AWAY FROM US: For the Spirit of Roger Wolfe

The shadow of your smile
when you are gone
will color all my dreams
and light the dawn.
P. F. Webster

Big birds flying across the sky
throwing shadows on our eyes
leave us helpless....
Neil Young


October moonrise
on empty DeKalb cornfields,
Year of assassinations,
police brutality and

driving Chicago
streets in bleeding August heat,
the Tet offensive
and leaving San Francisco—
away from Reagan’s attack

on education,
cats and kittens in the car.
Canadian geese
flying south with the frost, sun
falling into Scorpio:

We are far from home,
from the Magnolia Beach house,
childhood in Eastern
Washington wind and snowstorms,
apartment in the Richmond,

classes in the fog,
classic films at the DeYoung.
Now we’re in the core
of the country, where maples
bleed their leaves into the snow

and we lose the love
we found on Roanoke Street
gliding along the
Fox River in a kayak
that you built, easy as pie—
it just slid away
from us up an island bank
into the nettles.
There is a stinging when love
is replaced by a friendship

that isn’t easy:
Like ocean water hitting
a cut you don’t know
you have when you wade into
a perfect day at the beach.


3 years was enough
of being blown around on
the icy streets
by winds off the prairie, so
I designed to resign

from my teaching job,
go back to graduate school
and have a baby.
You went along for the ride
through falling leaves in Amherst,

I walked barefoot through
Copley Square in October—
too pregnant for high-
heeled shoes.

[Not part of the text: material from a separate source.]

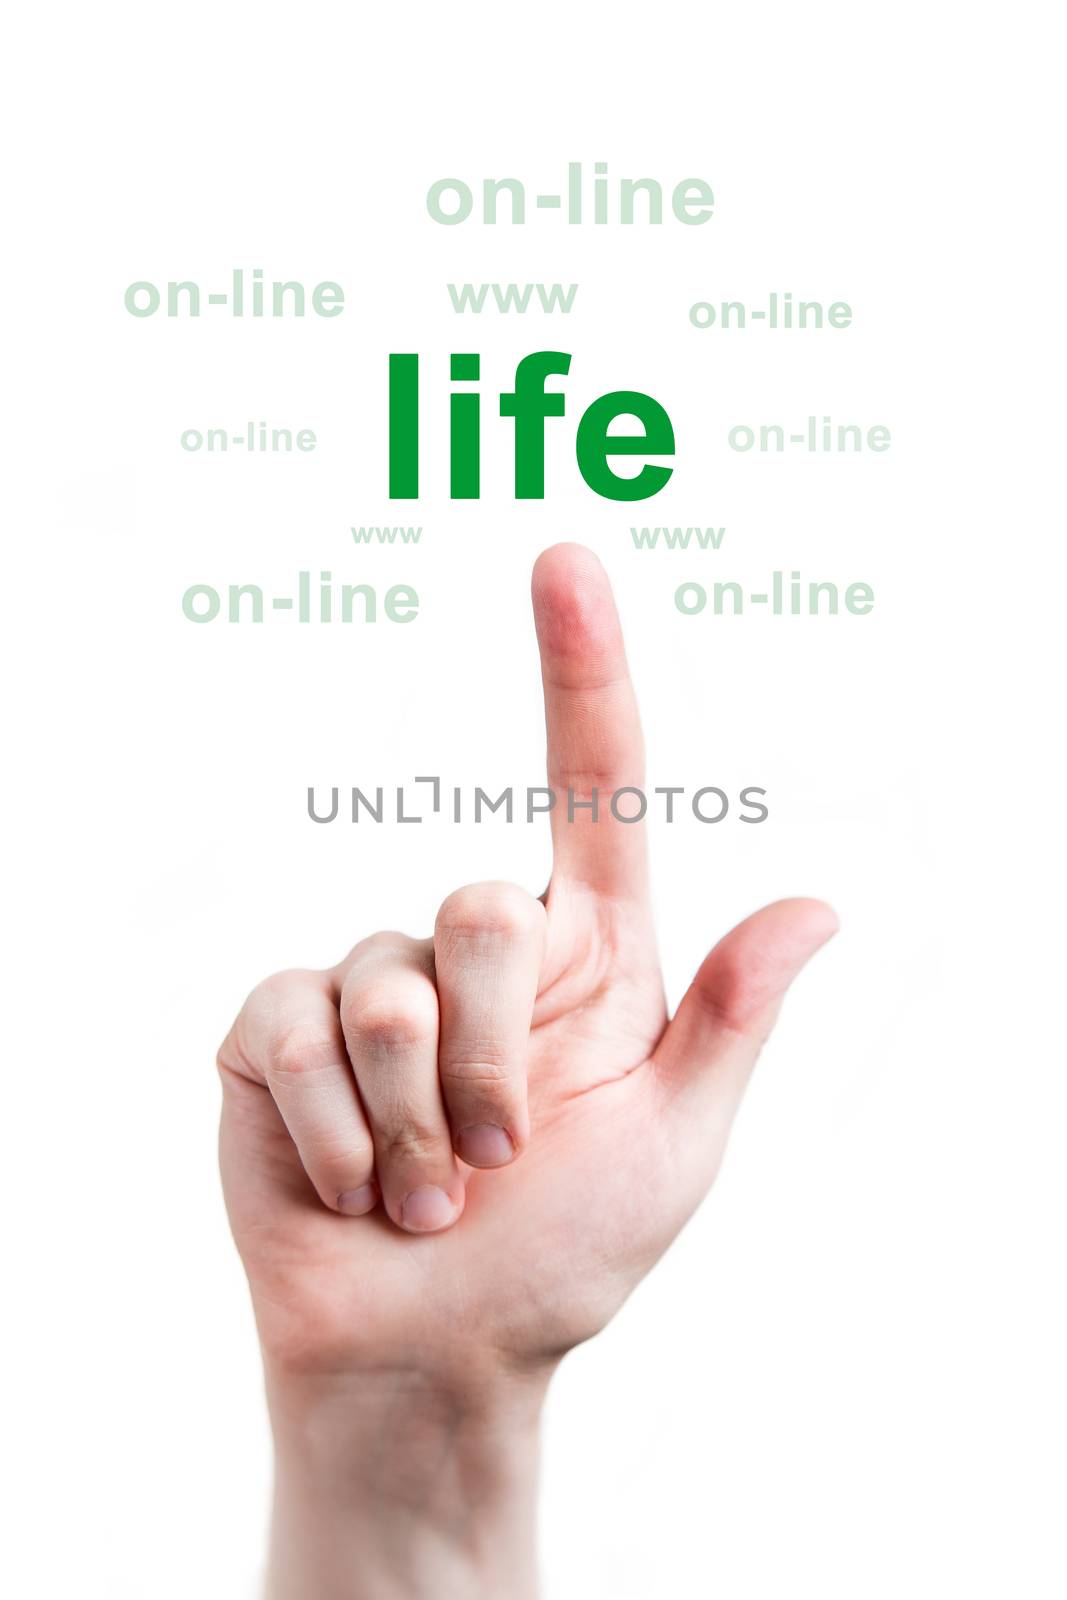 Online network life by MichalLudwiczak

And a daughter comes
at the November full moon:

We are not alone.
At 6 days Renate sleeps
through The Mily Way,
starts a childhood of midnight
movies, trips to antiques shows

up in the Berkshires
or where my people come from,
Quebec—where you pose
as the winning general
at the door of Montcalm’s house.

I think we wore out
New England—knocked mussels off
the rocks on the beach
at Newport, walked up and down
main streets of villages

until we were tired
of colonial houses,
Provincetown tourists,
“Knockin’ on Heaven’s Door” on
the pizza joint’s jukebox,

packed up to go home,
crossed the country again, with
a kid and a cat—
white clapboard houses speeding
away from us in a dream.


Our apartment looks
down over Elliott Bay;
I can walk downtown,
but the city I walk through
is not aging very well.

Sunsets compensate
briefly; better move by the
where that which we lost began
over glasses of draft beer

in the Red Robin,
where I danced to “Rescue Me”
on the bar and knew
we would be young forever
and ready for adventure.

Another house to
paint, coloring on the pages
of my unhooked life.
You drive back and forth
to work in another town—

sometimes outrunning
alcohol with cigarettes
rivers of coffee,
lakes of t.v.—sometimes not—
still up for midnight movies

though Renate shouts
in her stage whisper: “Dad, what
are we doing here?”
Even a 5-year-old knows
when something is broken not

to keep fixing it;
another round of marriage
counseling, I take
a job at a printer, we
buy you a used Fiat and

fill out the papers
for Do-it-yourself Divorce.
In the courthouse hall
the loneliness only 2
can share fades away from us.


25 years pass:
Yours in work, hikes to the beach,
clothes I bought you in
the 70s, mushrooms hunts;
mine in different careers

and mostly alone—
free to pull up stakes and head
for the Not-Yet-Known.
When I fly from Mexico
to the States, Renate says

you weigh 90 pounds
and have gone south with the wife
to Baja, searching
for retirement property.
“He’ll never make it!”, I shout.

“It’s Midnight Cowboy—
his favorite movie—with
Ratso Rizzo dead
On the bus in Miami.”
Folks in the restaurant look

at me in horror,
as the reality of
our fiction swamps me,
and later Renate calls
to say “We jinxed Ratso: He’s

in the hospital.”
The now-diagnosed cancer
takes over your life,
leaves you waiting for your death
for 15 months of t.v.

and Marlboro Reds,
and your wife doesn’t want me
to visit you, so
I wait in Mexico for
the shadow of your smile to

be erased from my
life’s pages. One Saturday
while I was napping,
you came and said good-bye, and
then you went away from us.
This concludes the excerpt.